EXERCISE DETAILS >> Would you transcribe the records below from the line with "Grayson Capps Scarlett Roses Vinyl Record" to the line with "Cyberpunk City — Teaser 02", ends included, exactly and with nothing more, leaving the pictures out?

DATA FOR THIS TASK >>

....

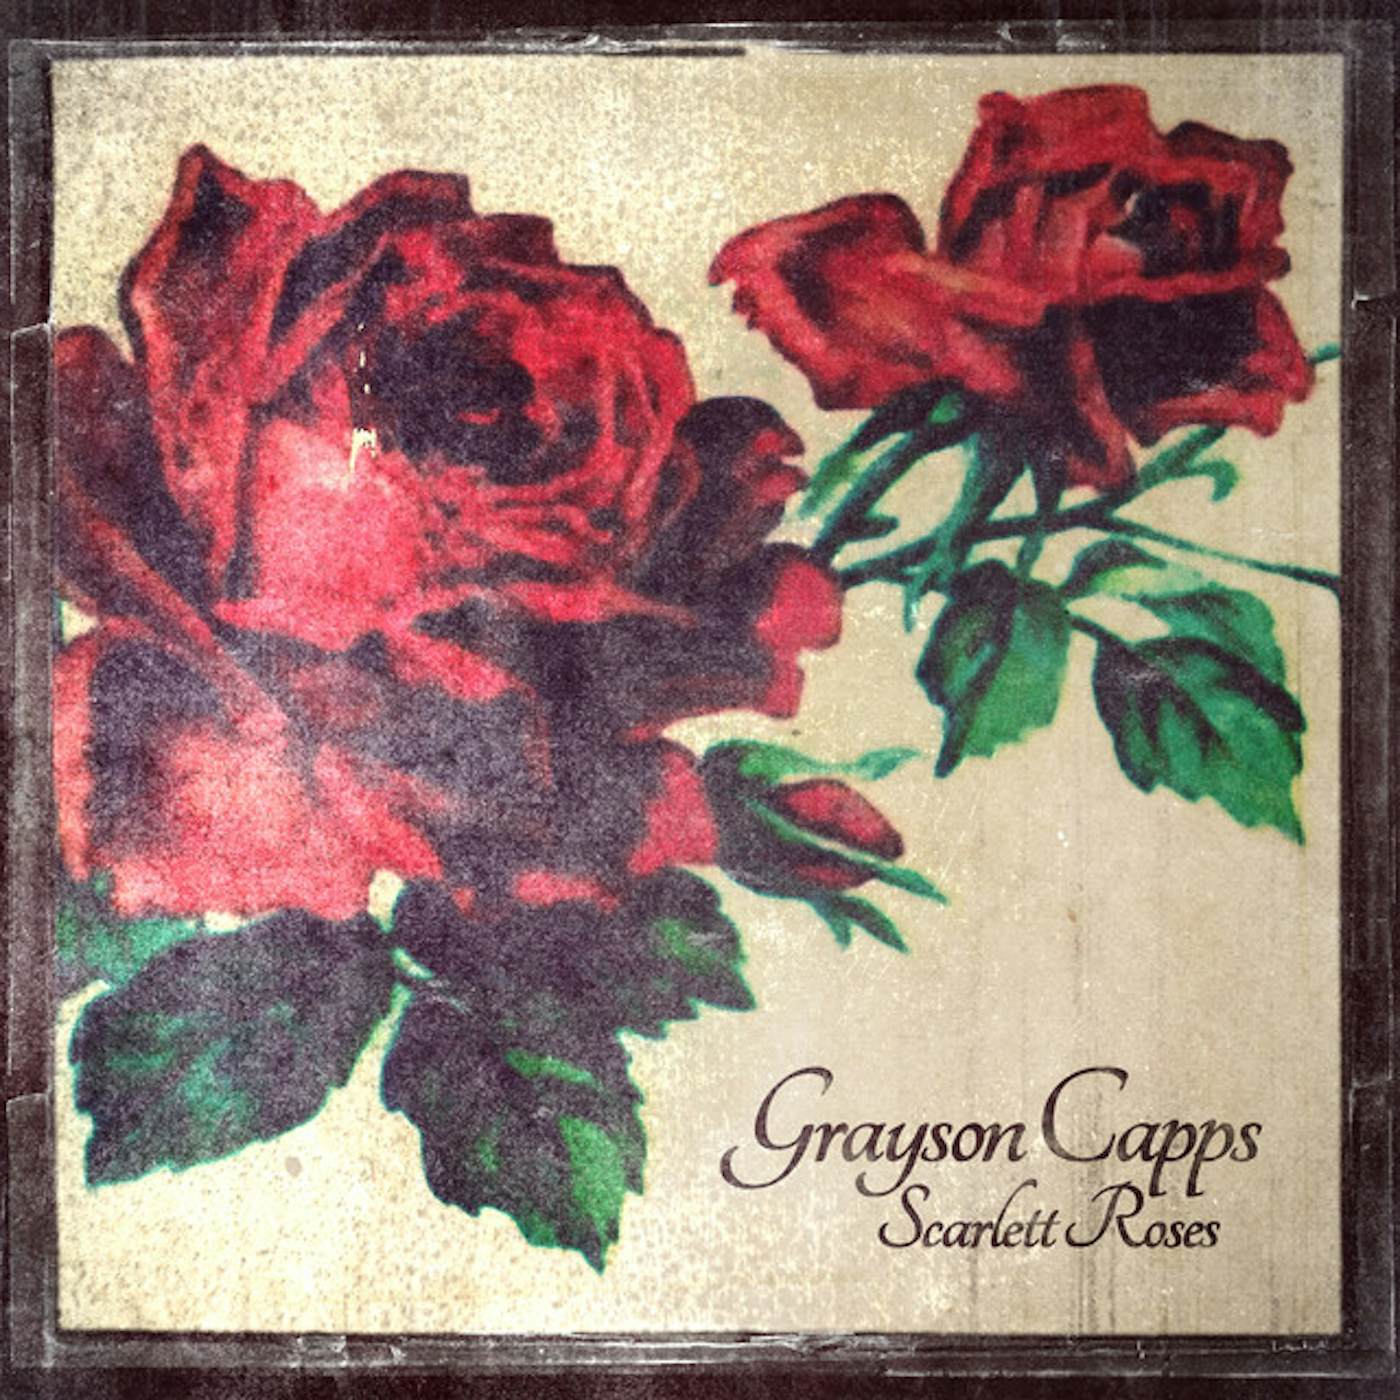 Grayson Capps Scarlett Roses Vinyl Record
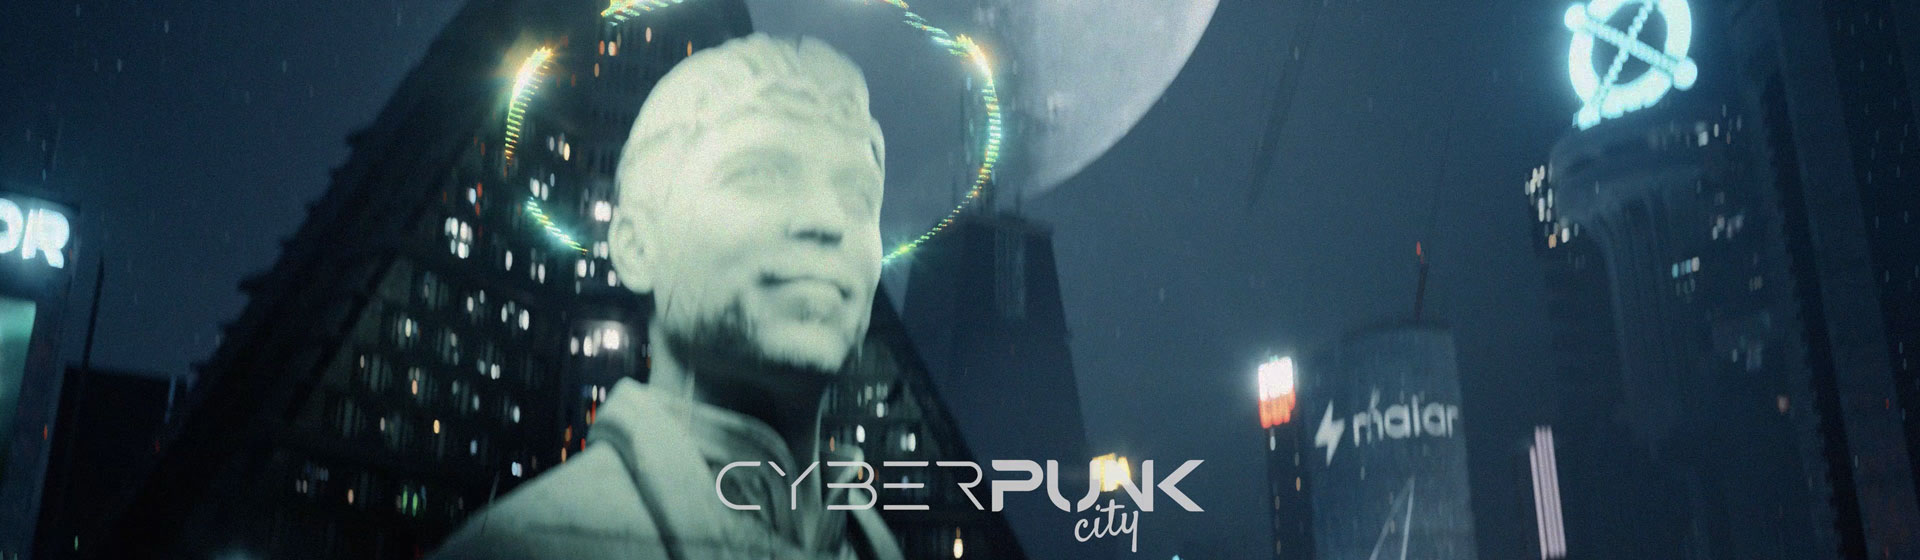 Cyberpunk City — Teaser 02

....

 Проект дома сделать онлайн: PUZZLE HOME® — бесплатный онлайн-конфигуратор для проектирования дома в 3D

....

SOLUTION FOR THIS EXERCISE >>
 Grayson Capps Scarlett Roses Vinyl Record
 Cyberpunk City — Teaser 02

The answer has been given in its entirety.